Carex tumulicola certainly stands up to as much abuse as a typical tall fescue lawn does, but the down side is that during the warmer months it is monstrously fast growing, and needs to be mowed at least every two weeks to keep it as a play surface. I also don't have a long enough time period since initial installation to know how long before the center portions of the clumps start to thin/die out. The oldest Berkeley Sedge lawn I have installed is only 5 years old The oldest Carex pansa/praegacilis lawn I have installed is only 3 years old, and has given me more problems, but certainly doesn't need regular mowing but once or twice a year. It has held up to regular traffic just fine, but I can't speak to the kid's heavy play issues, as I just don't know.

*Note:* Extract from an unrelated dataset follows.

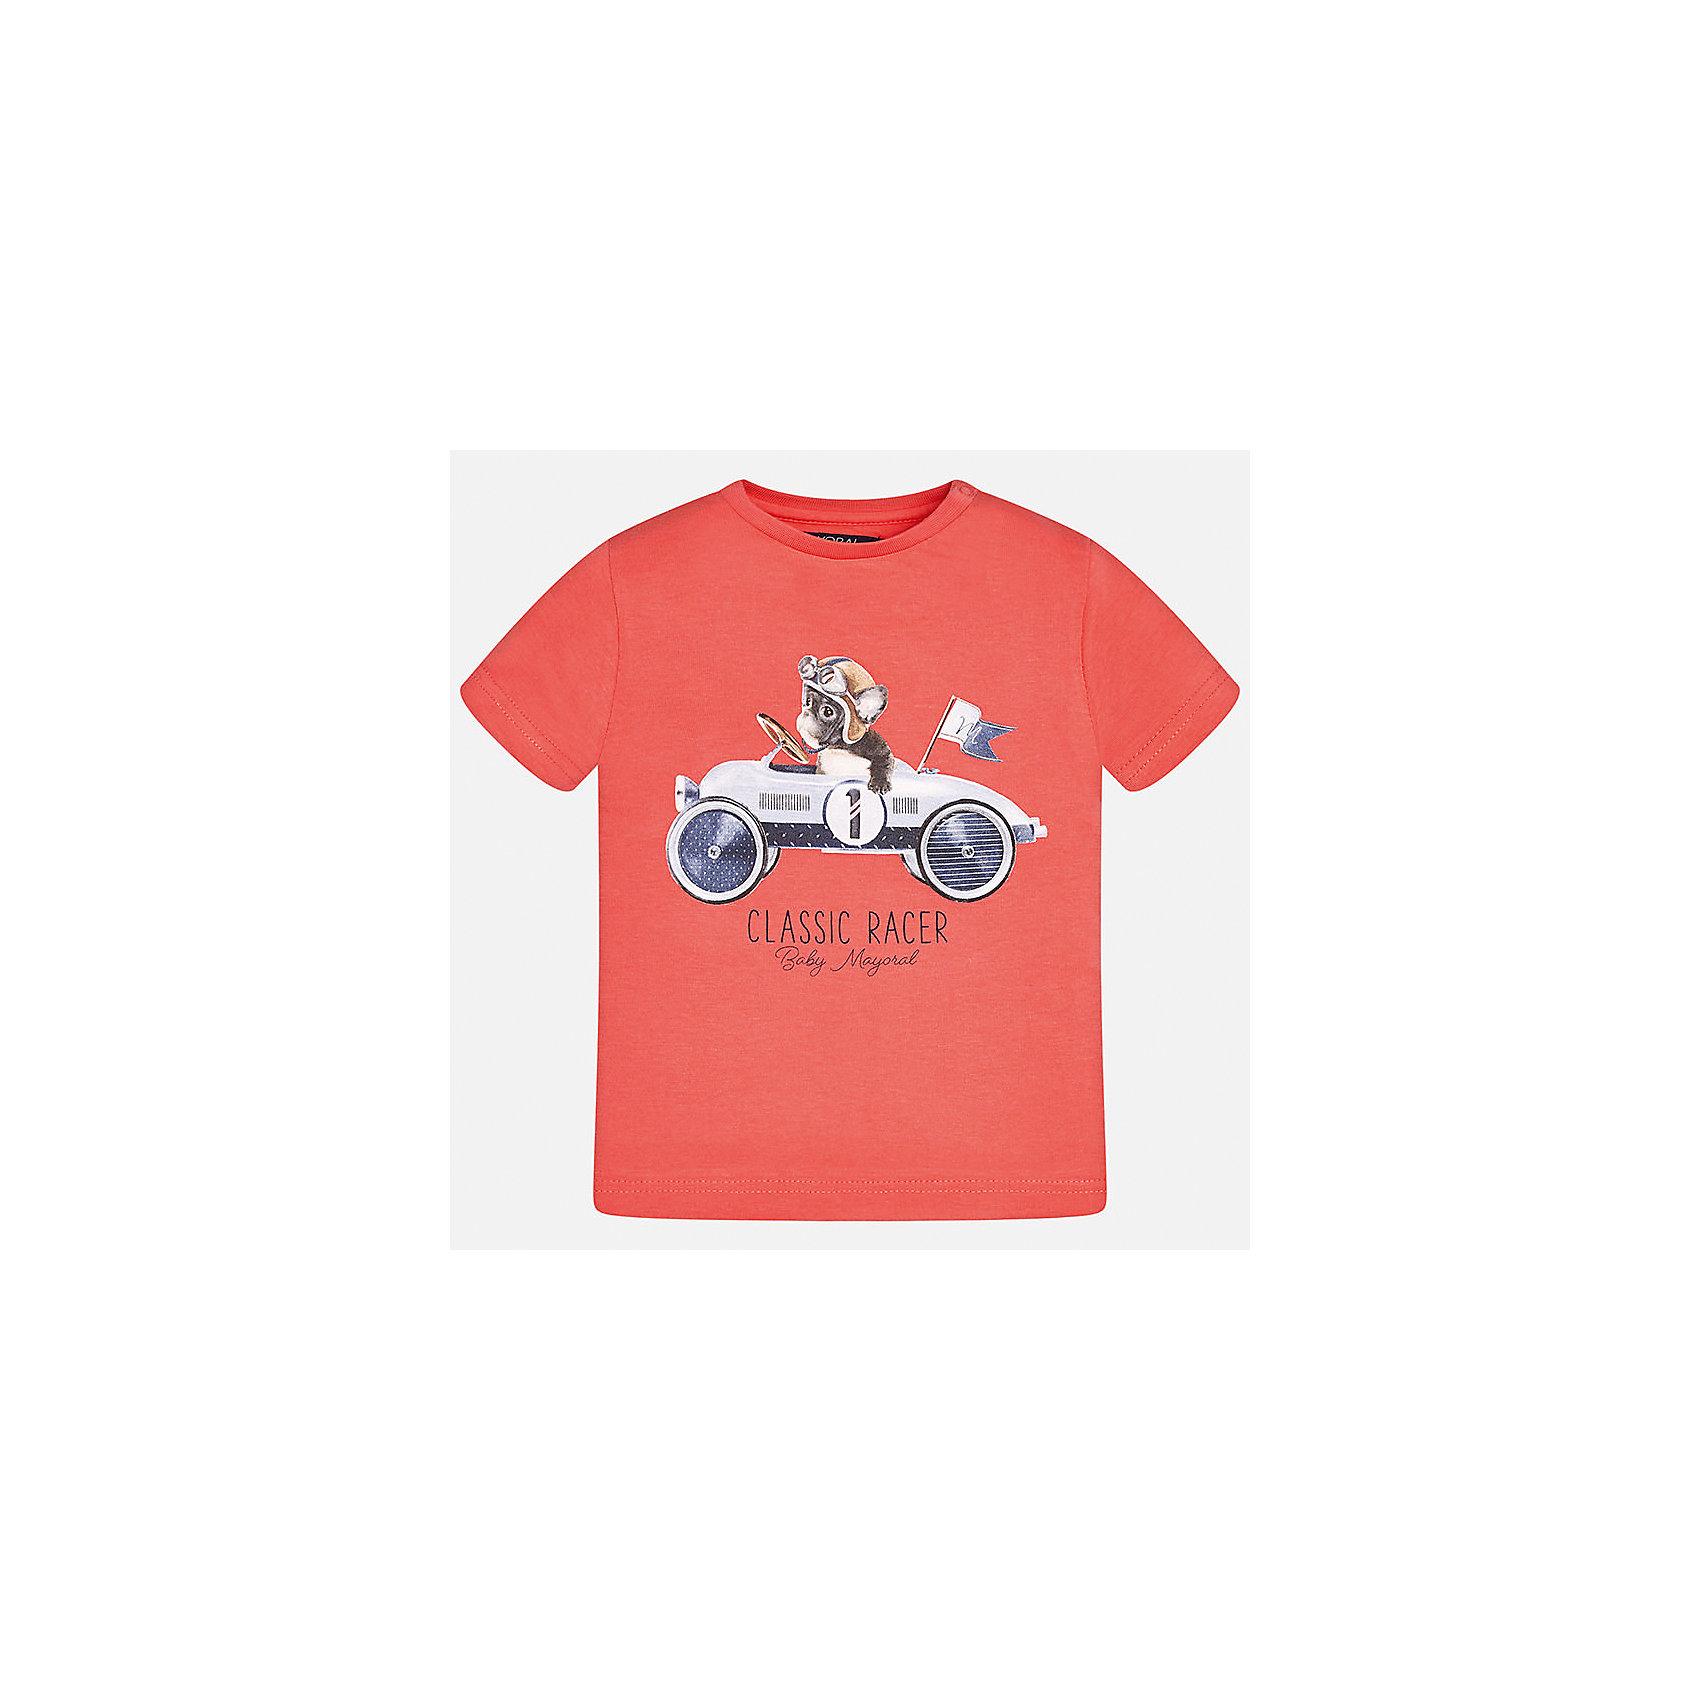 Футболка для мальчика MayoralФутболки, топы<br>Характеристики товара:<br><br>• цвет: красный<br>• состав: 100% хлопок<br>• круглый горловой вырез<br>• декорирована принтом<br>• короткие рукава<br>• мягкая отделка горловины<br>• страна бренда: Испания<br><br>Стильная удобная футболка с принтом поможет разнообразить гардероб мальчика. Она отлично сочетается с брюками, шортами, джинсами. Универсальный крой и цвет позволяет подобрать к вещи низ разных расцветок. Практичное и стильное изделие! Хорошо смотрится и комфортно сидит на детях. В составе материала - натуральный хлопок, гипоаллергенный, приятный на ощупь, дышащий. <br><br>Одежда, обувь и аксессуары от испанского бренда Mayoral полюбились детям и взрослым по всему миру. Модели этой марки - стильные и удобные. Для их производства используются только безопасные, качественные материалы и фурнитура. Порадуйте ребенка модными и красивыми вещами от Mayoral! <br><br>Футболку для мальчика от испанского бренда Mayoral (Майорал) можно купить в нашем интернет-магазине.<br><br>Ширина мм: 199<br>Глубина мм: 10<br>Высота мм: 161<br>Вес г: 151<br>Цвет: розовый<br>Возраст от месяцев: 12<br>Возраст до месяцев: 15<br>Пол: Мужской<br>Возраст: Детский<br>Размер: 80,74,92,86<br>SKU: 5278392

In any case, I don't find that either Bermuda Grass or Tall Fescue Blends are really drought tolerant here in the SF Bay Area, as both need at least twice to 3 times a week irrigation to look decent. The Carex lawns I have installed can get by with just once a month irrigation, and the Kikuyu lawns don't need any irrigation at all.

I'd be interested to hear people's opinions on the use of Festuca rubra as a turf grass for drought tolerance. This is another grass I have considered using, but don't know how drought tolerant/average time between irrigations it can tolerate and still look green. Anyone have experience with this one?